How to load part of pre trained model?

Therefore, does the names like (conv_r1) is the key, and corresponds to the names when I create variables, right? These are the keys?

Yes.

# 1. filter out unnecessary keys
pretrained_dict = {k: v for k, v in pretrained_dict.items() if k in model_dict}
# 2. overwrite entries in the existing state dict
model_dict.update(pretrained_dict) 
# 3. load the new state dict
model.load_state_dict(model_dict)

Dear smth, different with the above code in this forum, I tried to use the following one:

net.state_dict().update(pretrain_dict)

But it seems paradoxical to me, since net.state_dict has already updated, why should I use the following step:
net.load_state_dict(net.state_dict())
In another word, why I still need to use load_state_dict() after net.state_dict().update(pretrain_dict)

PS.
Sorry, I later realized that

net.state_dict().update(pretrain_dict)

is wrong, but I do not know why

1 Like

Thanks, it’s really helpful.

BTW,If the key are same, but size are different, this argument can’t handle it. We need to remove the variables with different size in pretrained model first, then load the dict with strict = False.

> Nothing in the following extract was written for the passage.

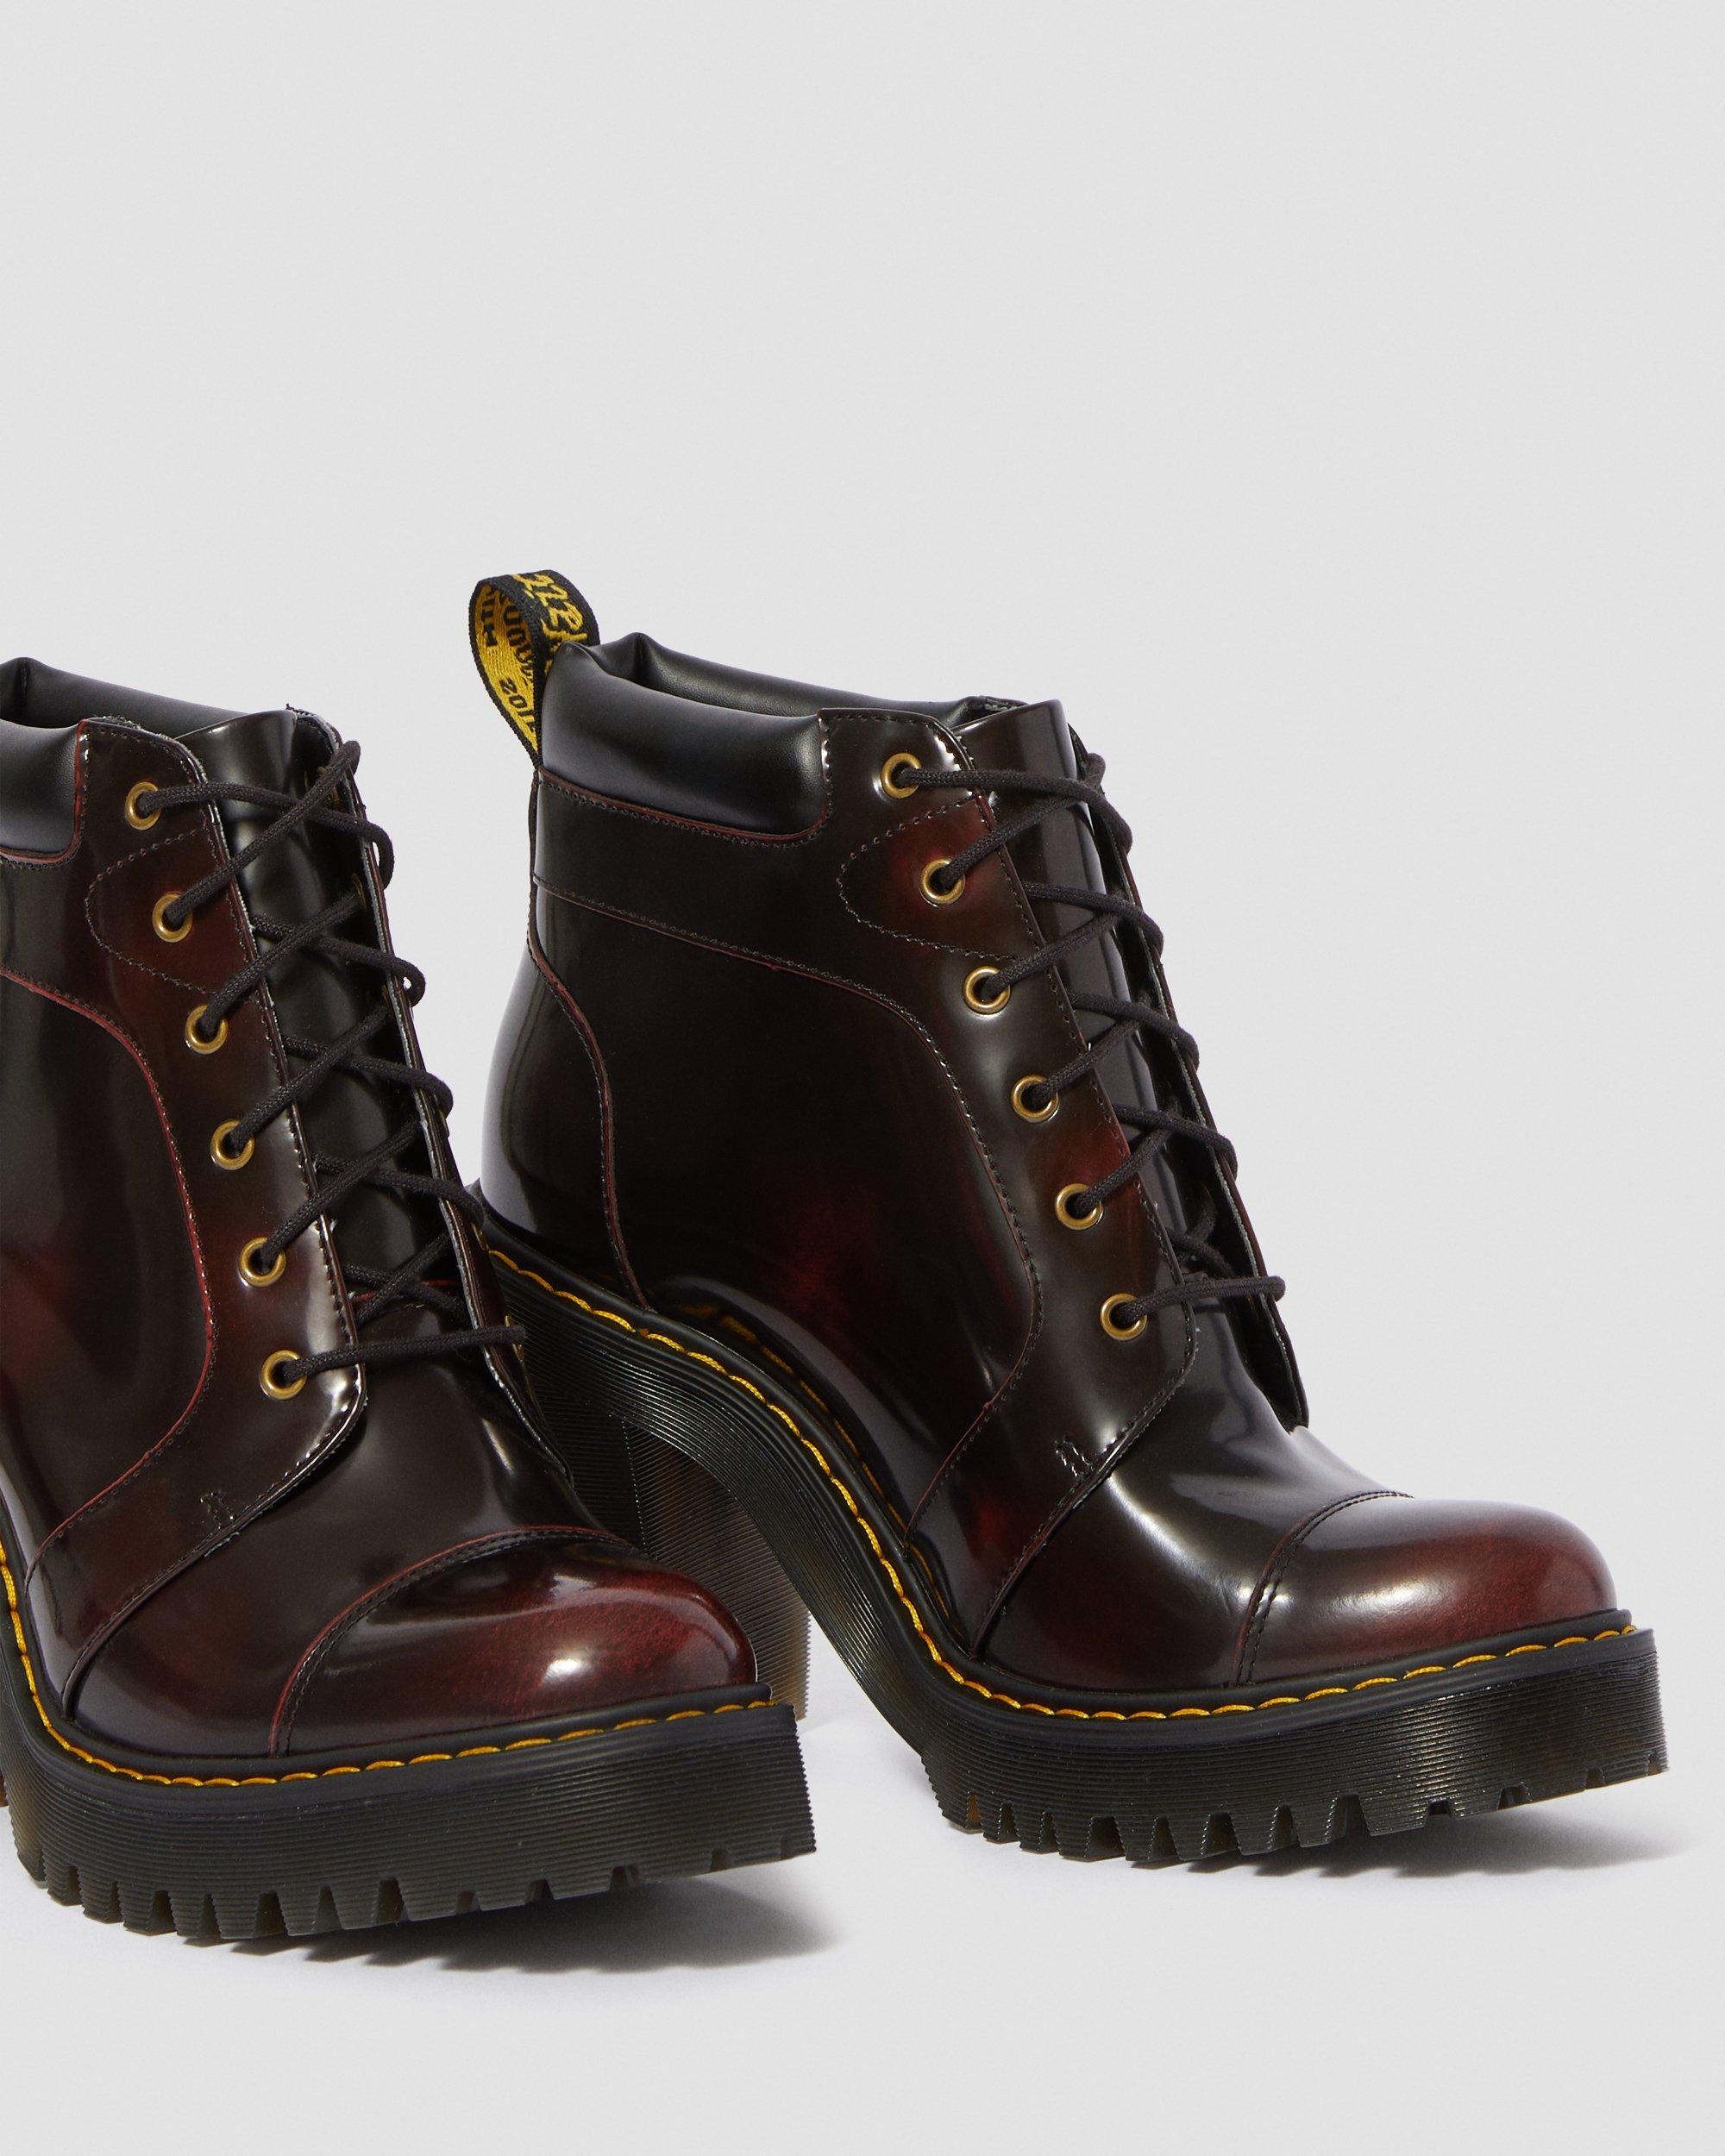 AVERIL LEATHER HEELED ANKLE BOOTS Dr. Martens

I have same problem but I did not solve

Edit:
just realised that the problem is solved by strict=False in model.load_state_dict(state_dict, strict=False)

Edit2:
Don’t know what I did, but model.load_state_dict(state_dict, strict=False) does not work after all if the shapes does not work. So my previous edit is invalid. The solution below should work.

In order to check for the size as well, I think one can just substitute

# filter unnecessary keys
pretrained_dict = {k: v for k, v in pretrained_dict.items() if k in model_dict}

for

# filter unnecessary keys
pretrained_dict = {k: v for k, v in pretrained_dict.items() if
                       (k in model_dict) and (model_dict[k].shape == pretrained_dict[k].shape)}
13 Likes

I think dict.update() and model.load_state_dict() are two completely different process.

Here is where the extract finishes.